In 1943 and 1944, the destroyer was mainly used for escort service and mine throwing in Norwegian waters. Due to technical problems, the operations were repeatedly interrupted by longer stays in the shipyard. The crew has meanwhile been assigned to other destroyers, so that it first took a few practice runs before the boat was fully operational again after being in the shipyard.

At the beginning of 1945, Z 14 was involved in escorts in the Skagerrak and the Oslofjord . On May 8, 1945, the Friedrich Ihn sailed to Hela to take refugees on board. The destroyer reached Kiel on May 10 and was decommissioned on the same day.
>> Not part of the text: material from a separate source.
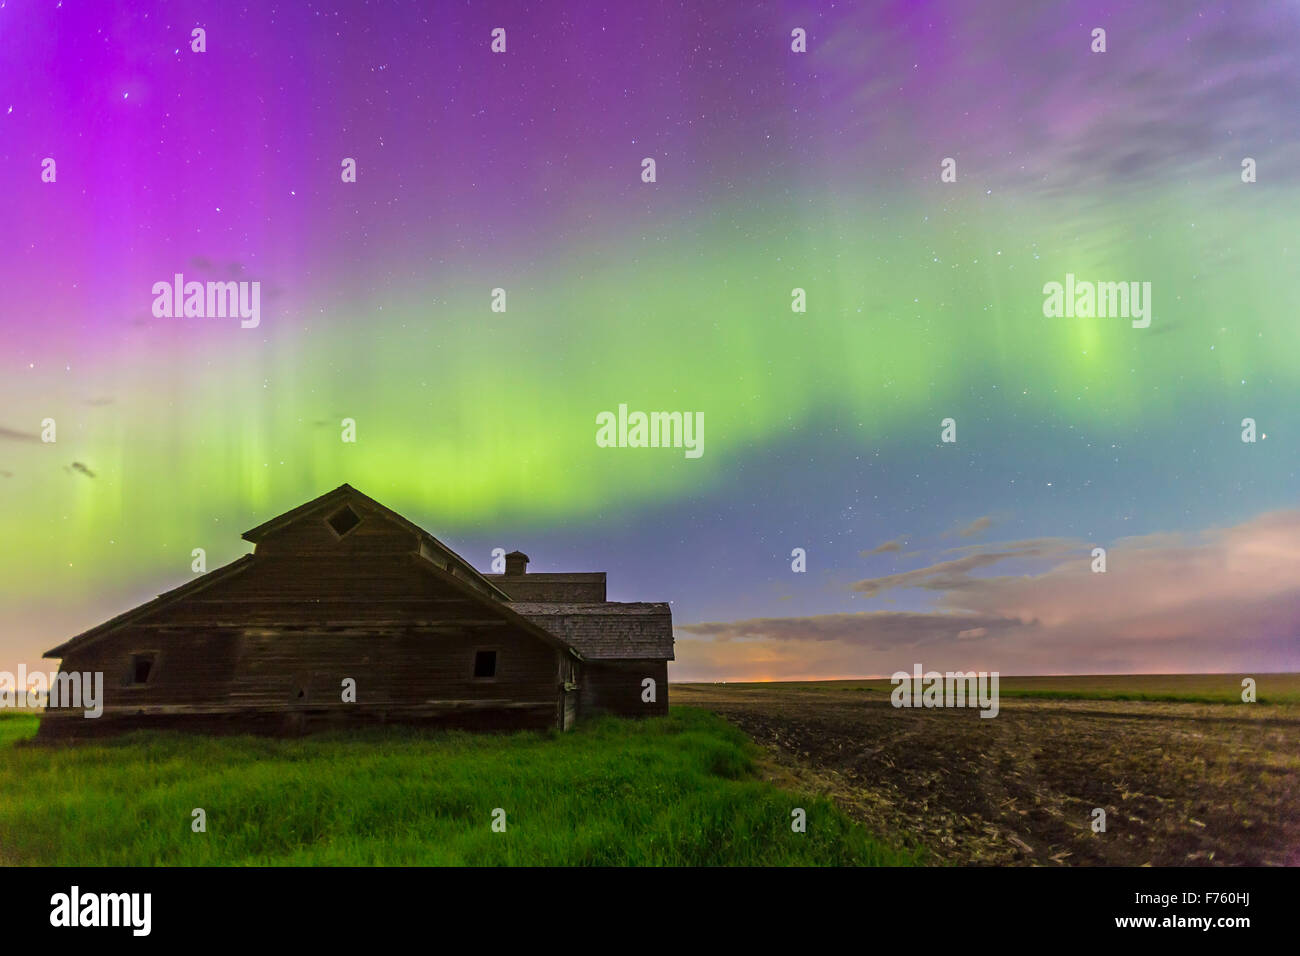 An all-sky aurora with green and purple curtains, the night of June 7-8, 2014, starting up about 12:30 and going until dawn. Thi Stock Photo
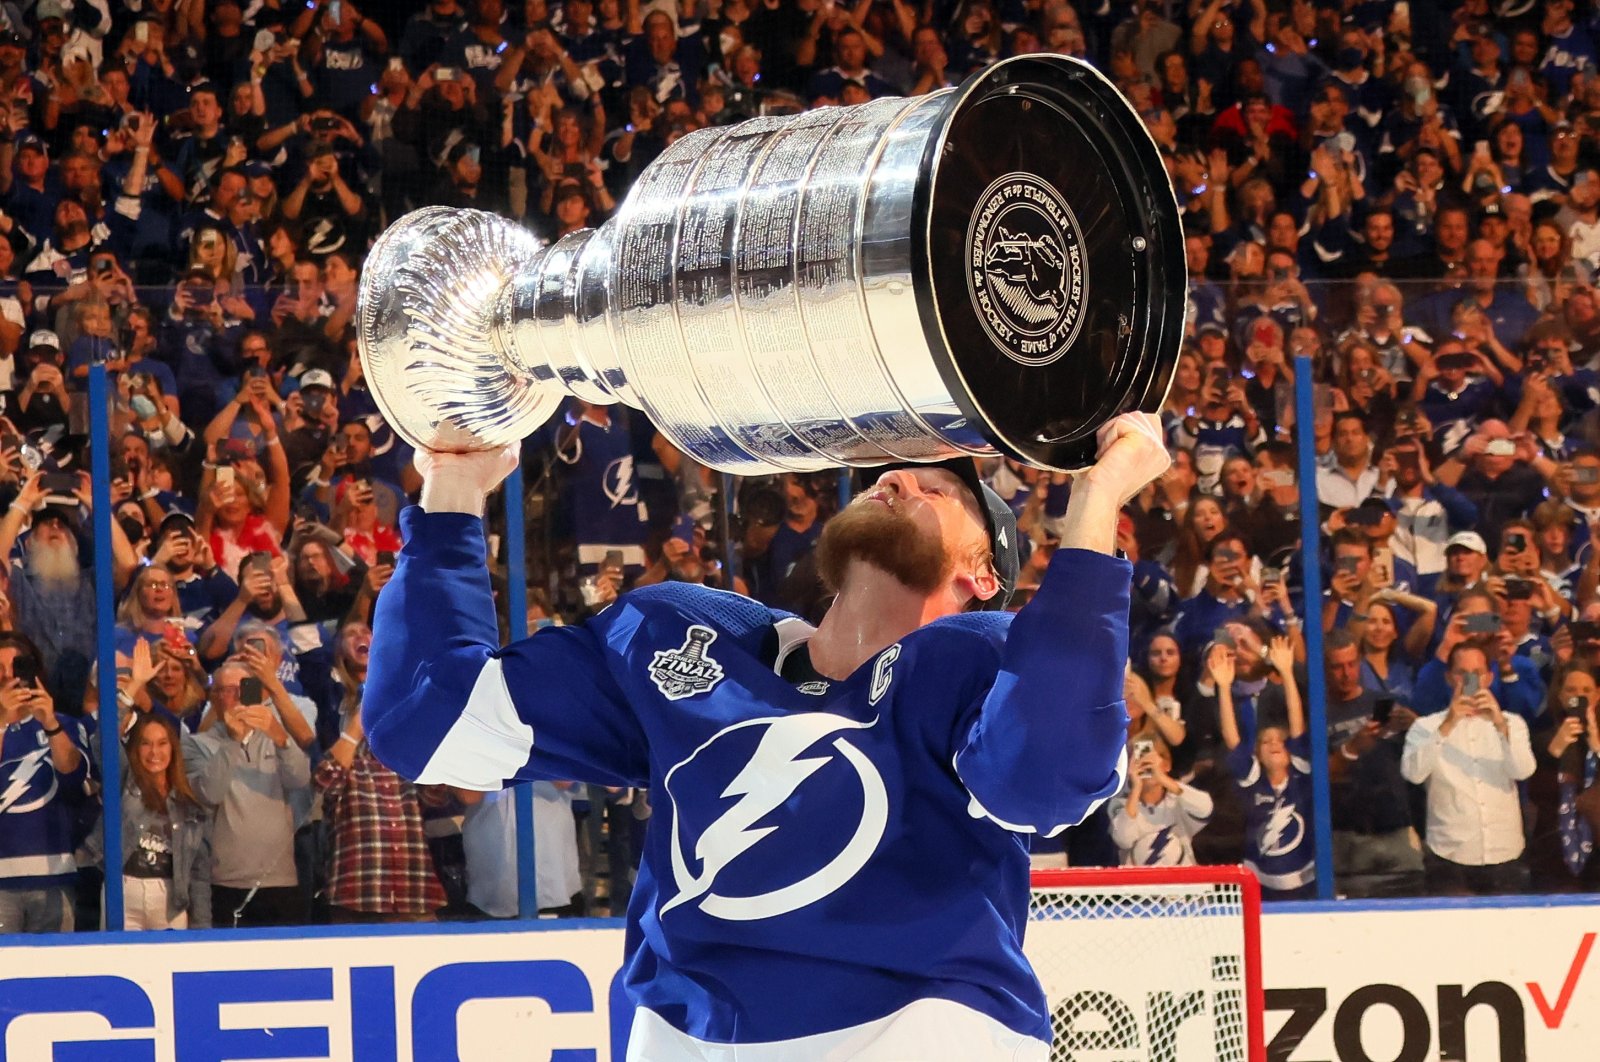 Steven Stamkos of the Tampa Bay Lightning hoists the Stanley Cup after the 1-0 victory against the Montreal Canadiens in Game 5 to win the 2021 NHL Stanley Cup Final at Amalie Arena, Tampa, Florida, July 7, 2021. (AFP Photo)

The boat was awarded to the USSR as spoils of war. In February 1946 it was brought to Libau and incorporated as Zorkyj into the Baltic Red Banner Fleet . The destroyer was scrapped from 1955.

Commanders

April 9, 1938 to October 25, 1938 KK Claus tramp roof 1900–1940 † KK
October 26, 1938 to March 31, 1939 FK Erich Bey 1898–1943 † Rear admiral
April 9, 1939 to October 25, 1939 KK / FK Rudolf von Pufendorf 1900–1943 † KzS
October 25, 1939 to November 10, 1942 Corvette Captain Günther Wachsmuth 1906– KzS
November 11, 1942 to April 29, 1944 Corvette Captain Gerhard Fromme 1908-1967 KzS
April 30, 1944 to May 10, 1945 Corvette Captain Carl-August Richter-Oldekop 1911– KK

literature

  • Erich Gröner , Dieter Jung [arr.]: The ships of the German Navy and Air Force 1939–1945 and their whereabouts. Bernard & Graefe, Bonn 2000 (9th, revised and expanded edition), ISBN 978-3763762156 .
  • Wolfgang Harnack: Destroyers under the German flag: 1934 to 1945. Koehler, Hamburg 1997 (3rd, revised edition), ISBN 3-7822-0698-3 .
  • Koop, Gerhard / Klaus-Peter Schmolke: The German Destroyers 1935–1945 (=  ship classes and ship types of the German Navy . Volume 6 ). Bernard & Graefe, Bonn 1995, ISBN 3-7637-5940-9 .
  • Volkmar Kühn: Torpedo boats and destroyers in action 1939–1945. The fight and destruction of a weapon. Flechsig, Würzburg 2006 (6th, ext. A. special edition), ISBN 978-3881896375 .
  • Mike J. Whitley: Destroyers in World War II: Technique - Class - Types. Motorbuchverlag, Stuttgart 1991, ISBN 978-3613014268 .

Footnotes

  1. Jürgen Rohwer , Gerhard Hümmelchen : Chronik des Maritime War 1939–1945, March 1942 , accessed on August 6, 2013
  2. Jürgen Rohwer, Gerhard Hümmelchen: Chronicle of the Sea War 1939–1945 Index of Enterprises in the Württemberg State Library , accessed on April 19, 2012
  3. ^ Koop / Schmolke: Ship classes and ship types of the German Navy. Vol. 6, 1995, p. 102.